### WORK TO COMPLETE
Your task is to retype every entry exactly while omitting the pictures.

### INFORMATION PROVIDED
**********
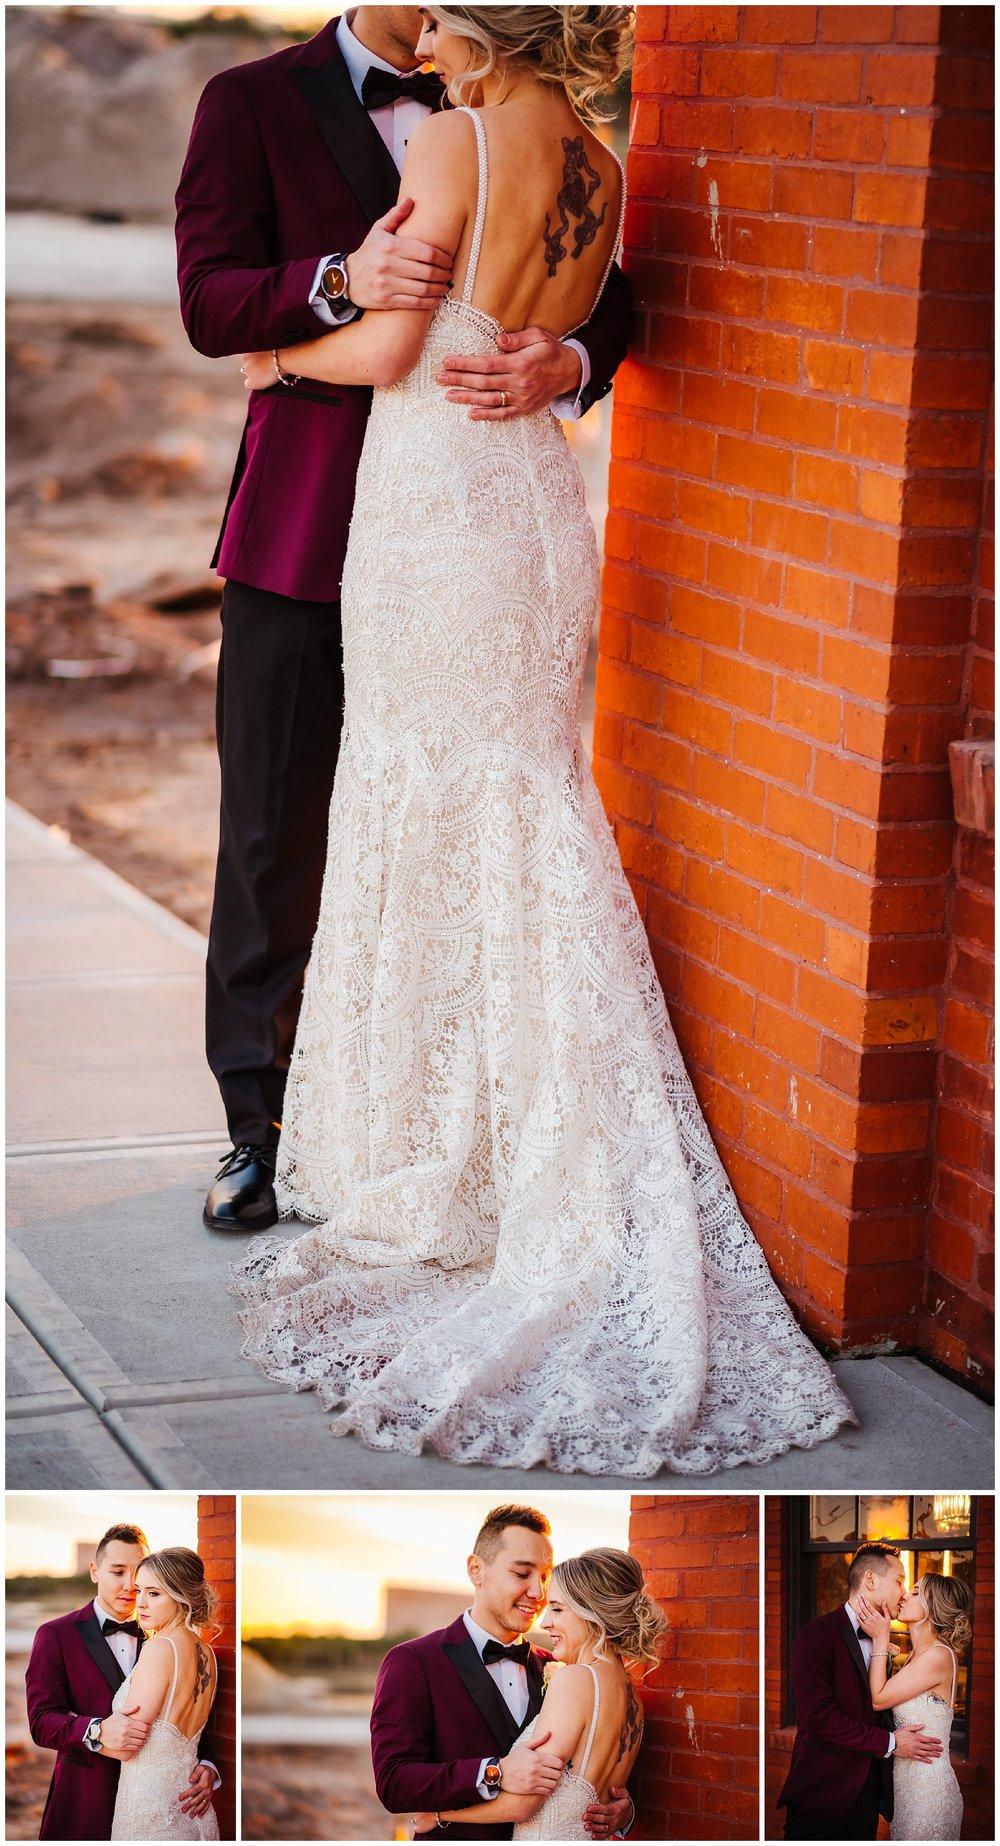 tampa-armeture-wedding-photographer-edgy-industrial-downtown-fancy-free-nursery-tattoo-burgandy-velvet_0058.jpg
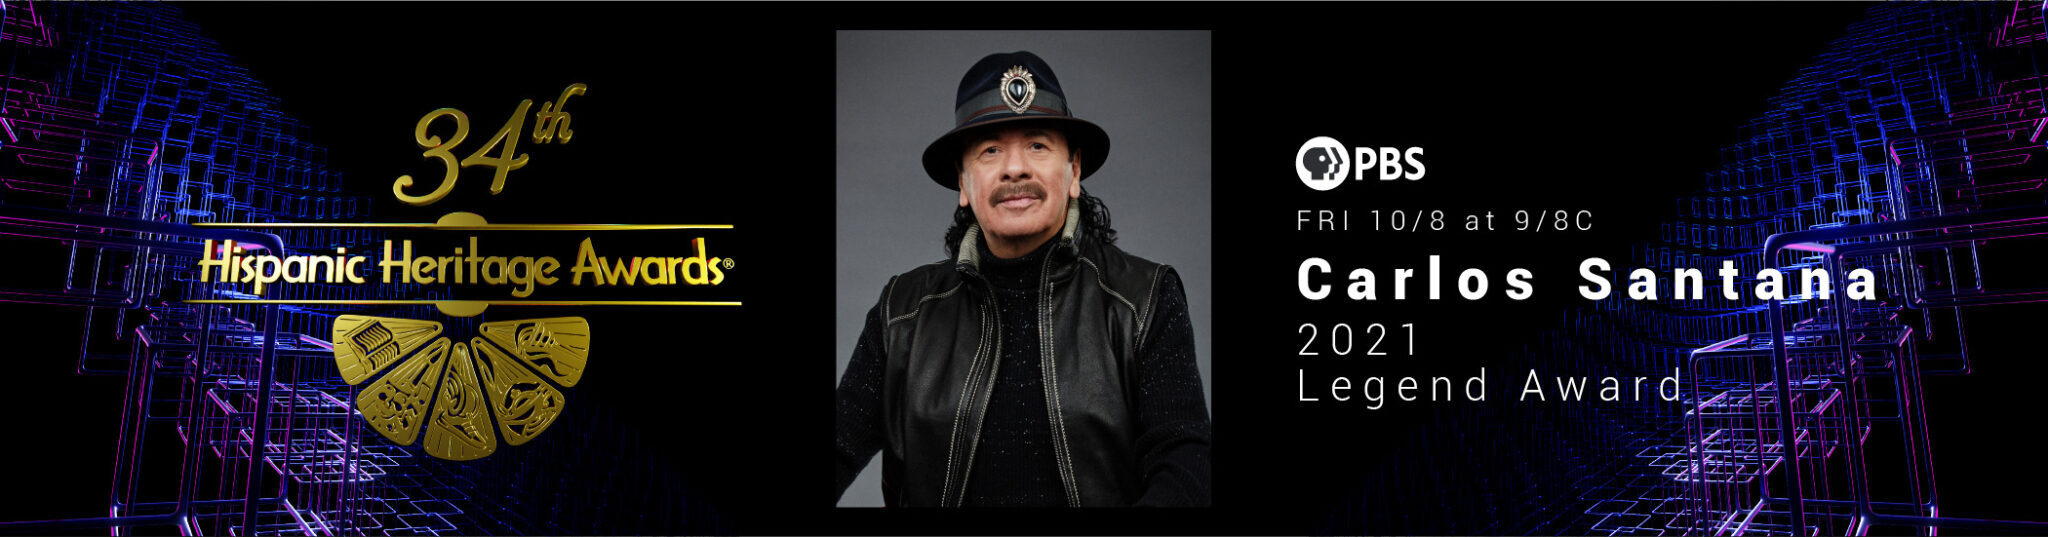 34th Hispanic Heritage Awards PBS Carlos Santana
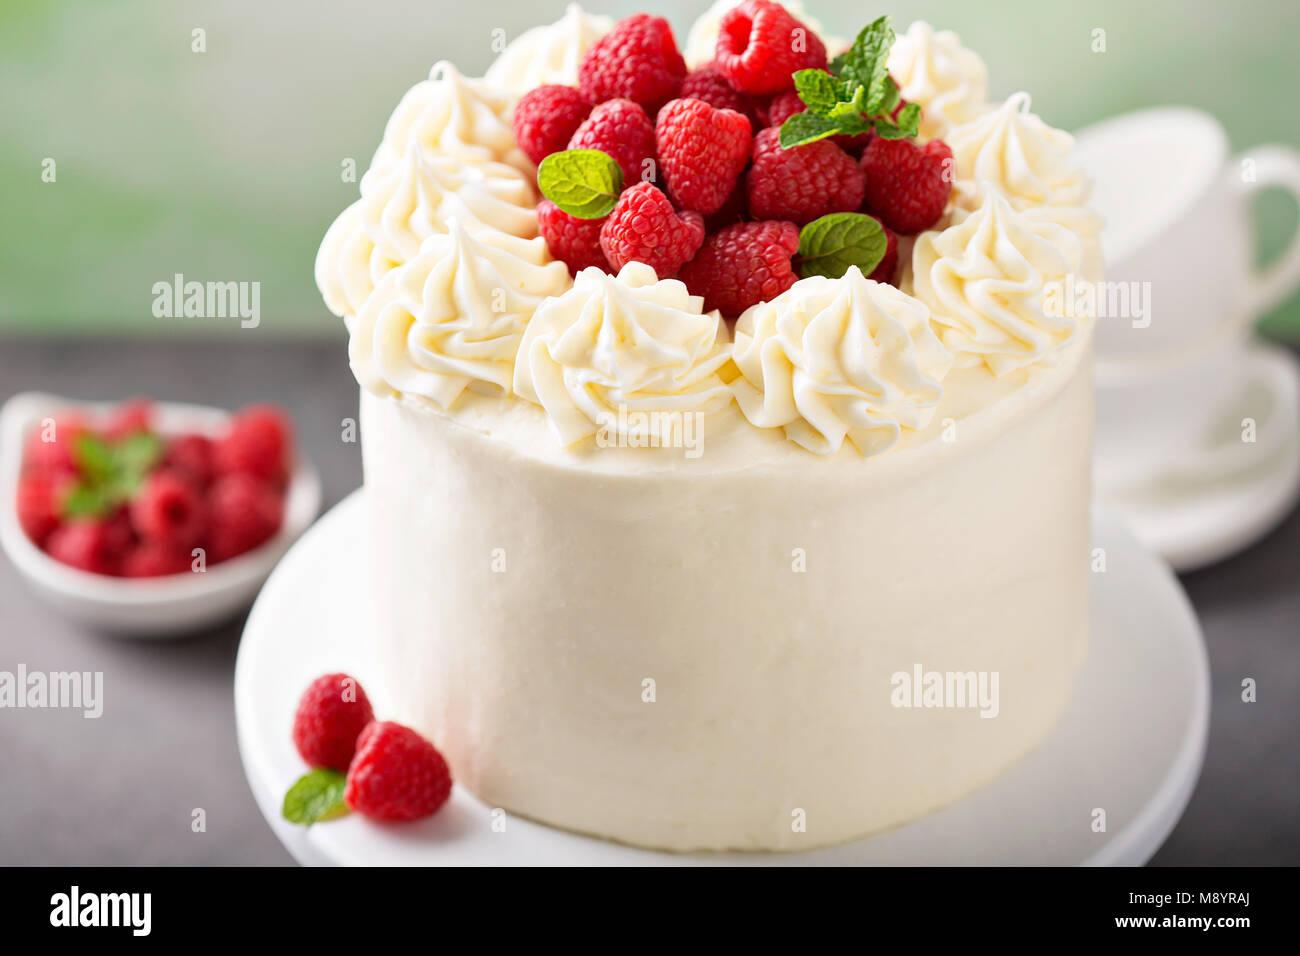 Vanilla raspberry cake with white frosting - Stock Image
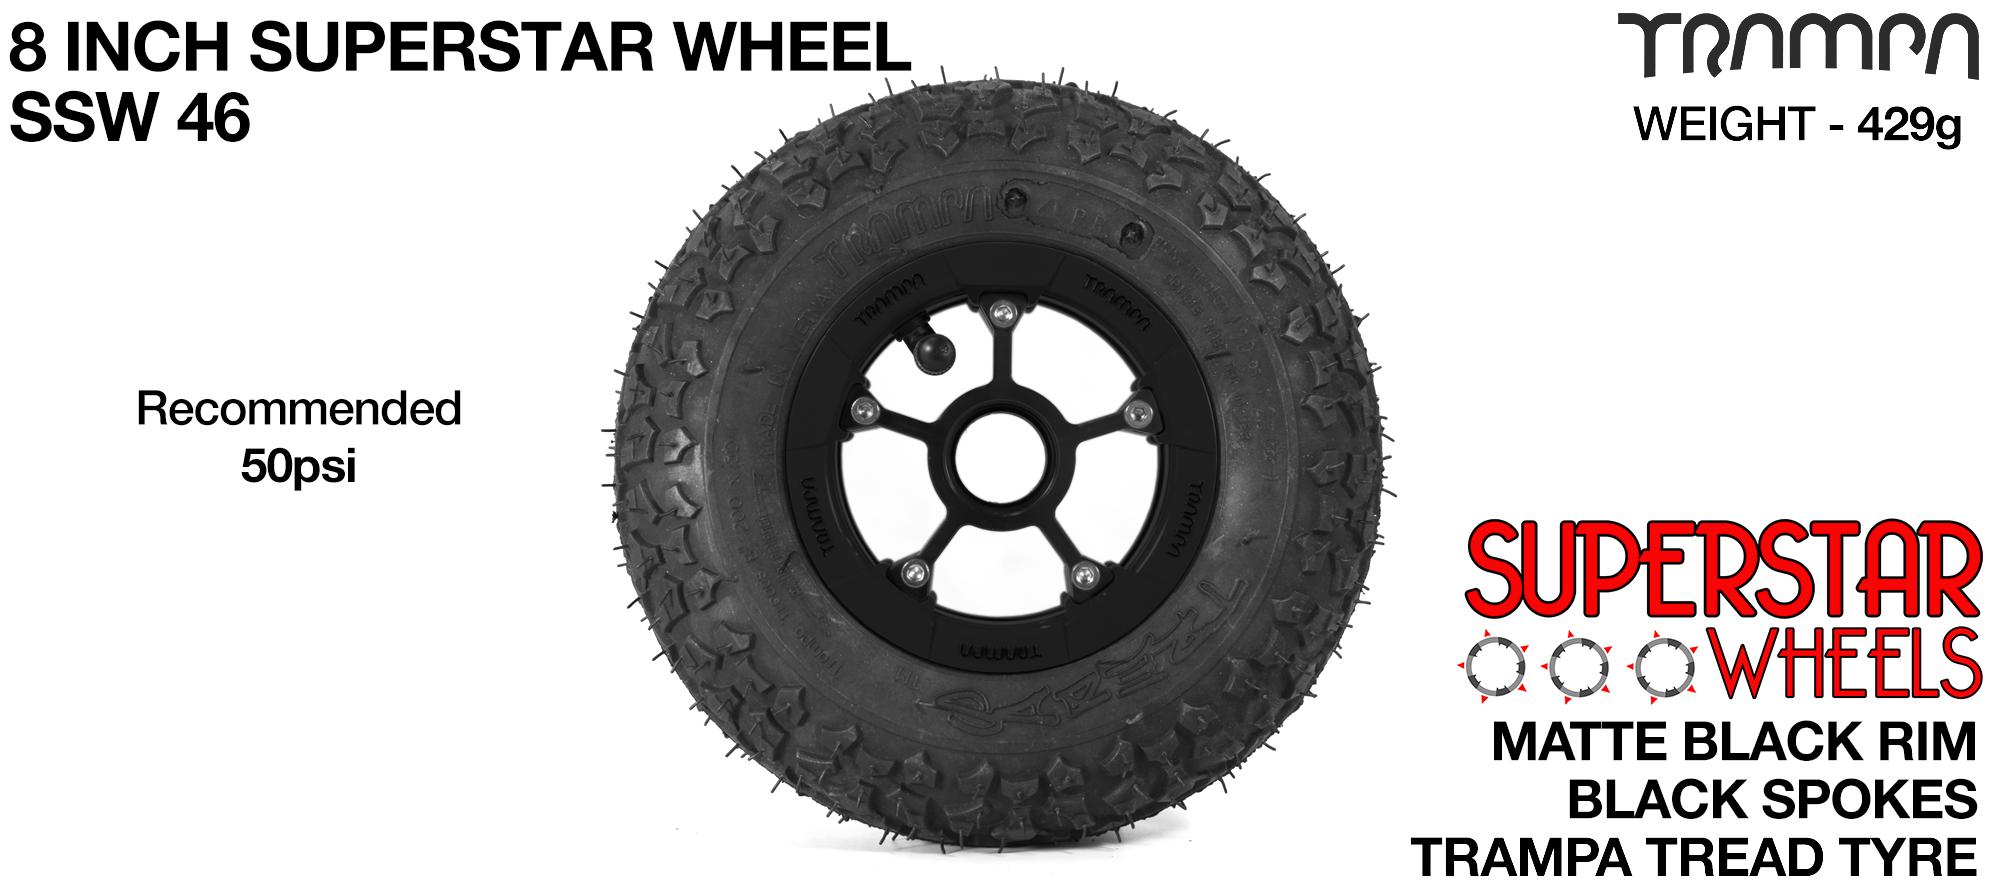 Superstar 8 inch wheel - Matt Black Rim with Black Anodised spokes & TRAMPA TREAD 8 Inch Tyres
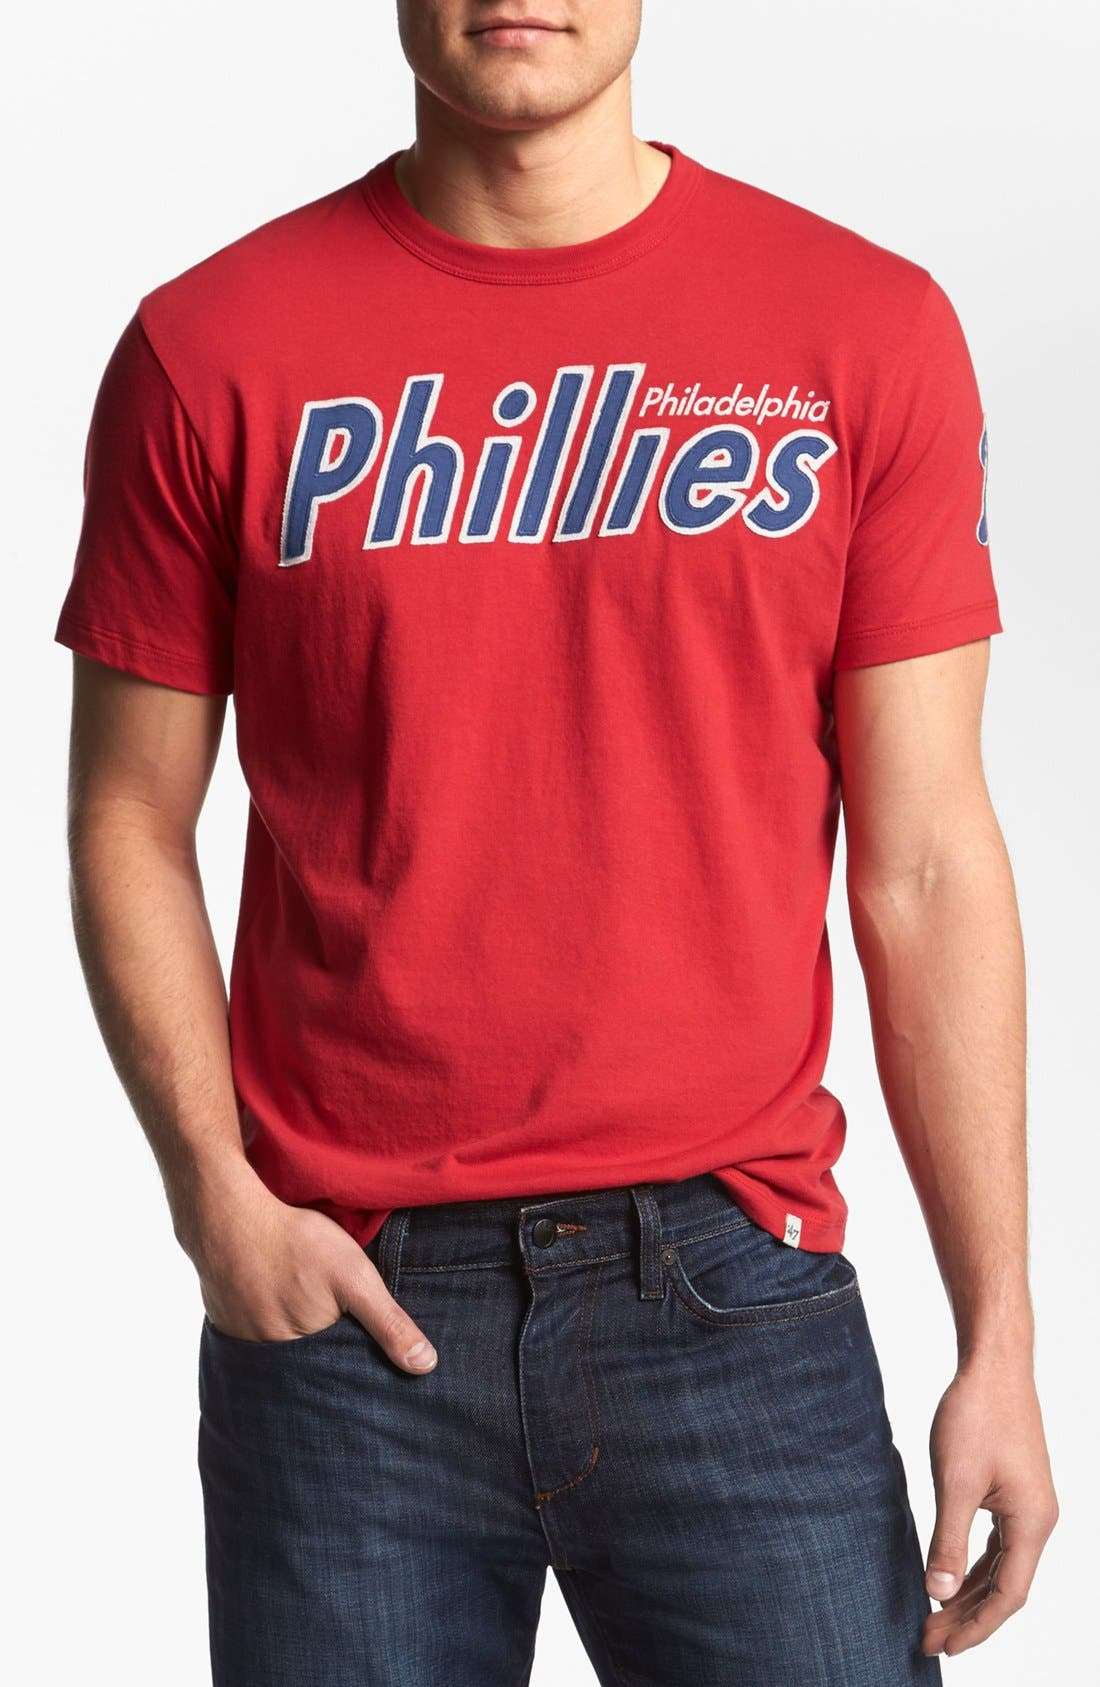 Alternate Image 1 Selected - 47 Brand 'Philadelphia Phillies - Fieldhouse' T-Shirt
**********
### THE COMPLETED TASK
 tampa-armeture-wedding-photographer-edgy-industrial-downtown-fancy-free-nursery-tattoo-burgandy-velvet_0058.jpg
 34th Hispanic Heritage Awards PBS Carlos Santana
 Vanilla raspberry cake with white frosting - Stock Image
 Superstar 8 inch wheel - Matt Black Rim with Black Anodised spokes & TRAMPA TREAD 8 Inch Tyres
 Alternate Image 1 Selected - 47 Brand 'Philadelphia Phillies - Fieldhouse' T-Shirt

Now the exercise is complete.